Vitaly (Ustinov) served as the fourth First-Hierarch from 1985 until his retirement in 2001. After the end of the Soviet Union in December 1991, ROCOR continued to maintain its administrative independence from the Russian Orthodox Church (Moscow Patriarchate). In May 1990, months prior to the complete disintegration of the USSR, the ROCOR decided to establish new, "Free Russian" parishes in the USSR, and to consecrate bishops to oversee such parishes.

===Post-Soviet period===
In 1997 Patriarch of Moscow Alexei II attempted to visit a ROCOR-held monastery in Hebron with Yasser Arafat. "The Moscow-based church has enjoyed a close relationship with Arafat since his guerrilla fighter days." The ROCOR clergy refused to allow Arafat and the patriarch to enter the church, holding that Alexei had no legitimate authority. Two weeks later police officers of the Palestinian Authority arrived; they evicted the ROCOR clergy and turned the property over to the ROC.

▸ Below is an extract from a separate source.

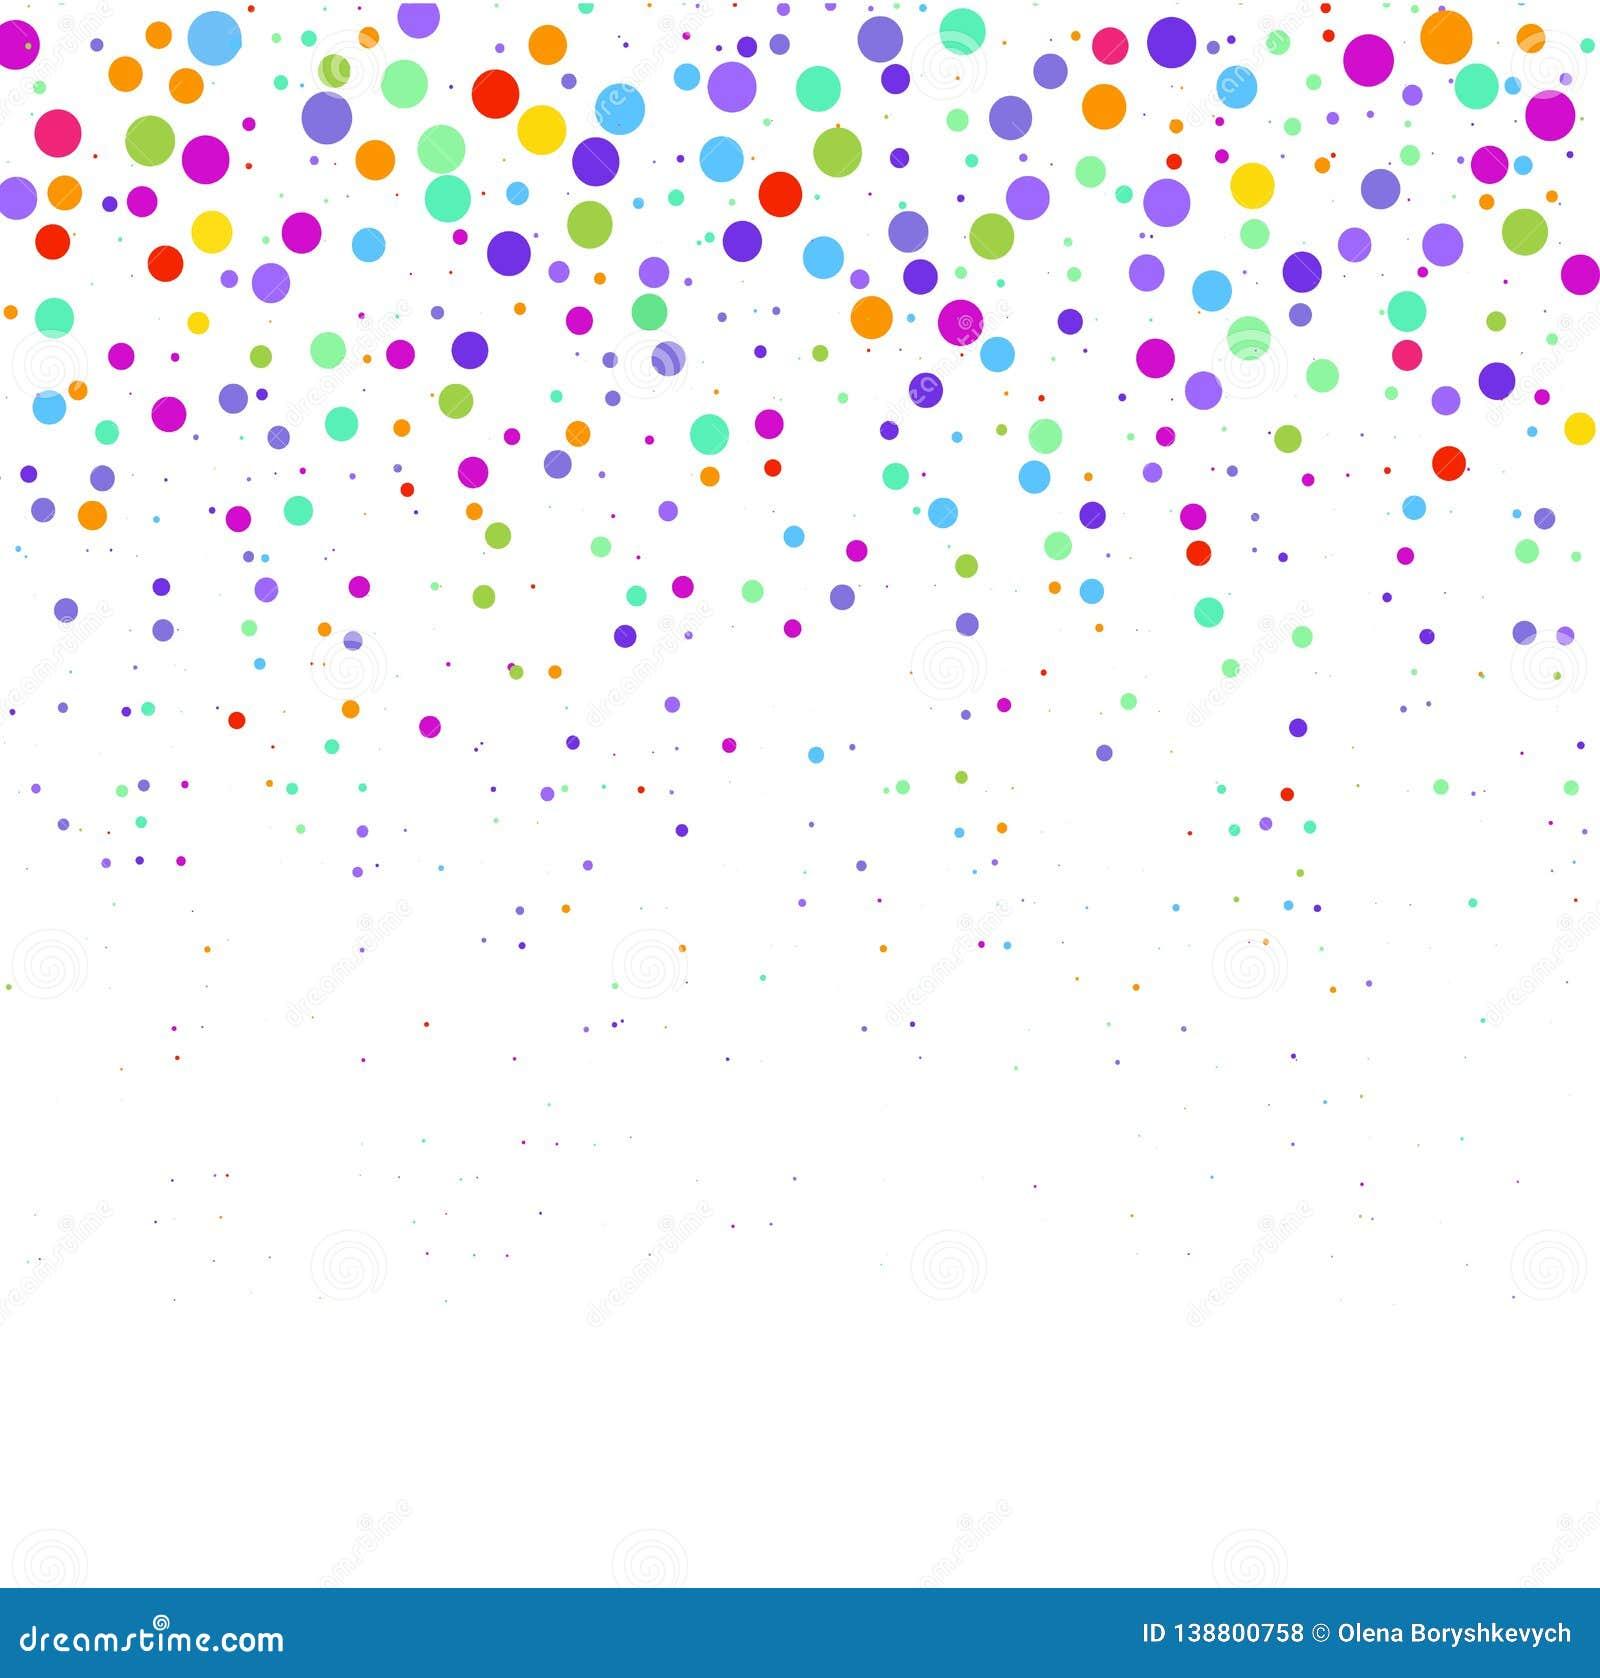 La composición de puntos multicolores en el fondo blanco

Alexei made another visit in early January 2000 to meet with Arafat, asking "for help in recovering church properties" as part of a "worldwide campaign to recover properties lost to churches that split off during the Communist era". Later that month the Palestinian Authority again acted to evict ROCOR clergy, this time from the 3 acre Monastery of Abraham's Oak in Hebron.

Metropolitan Vitaly (Ustinov) in 2001 was succeeded by the fifth First-Hierarch of the ROCOR, Metropolitan Laurus (Škurla), who oversaw the reconciliation with the Russian Orthodox Church in 2007. After the death of Laurus in 2008, he was succeeded by the sixth First-Hierarch, Metropolitan Hilarion (Kapral). Metropolitan Hilarion (Kapral) died in May 2022.

==Reconciliation with the Moscow Patriarchate==
In 2000 Metropolitan Laurus became the First Hierarch of the ROCOR; he expressed interest in the idea of reunification. At the time ROCOR insisted that the Moscow Patriarchate address the murders of Tsar Nicholas II and his family in 1918 by the Bolsheviks. The ROCOR accused the leadership of the ROC as being submissive to the Russian government and were also alarmed by their ties with other denominations of Christianity, especially Catholicism.

At the jubilee Council of Bishops in 2000, the Russian Orthodox Church canonized Tsar Nicholas and his family, along with more than 1,000 martyrs and confessors. The Council also enacted a document on relations between the Church and the secular authorities, censoring servility and complaisance. They also rejected the idea of any connection between Eastern Orthodoxy and Catholicism.

=== ROCOR(V) ===
The possibility of rapprochement led to a minor schism from the ROCOR in 2001.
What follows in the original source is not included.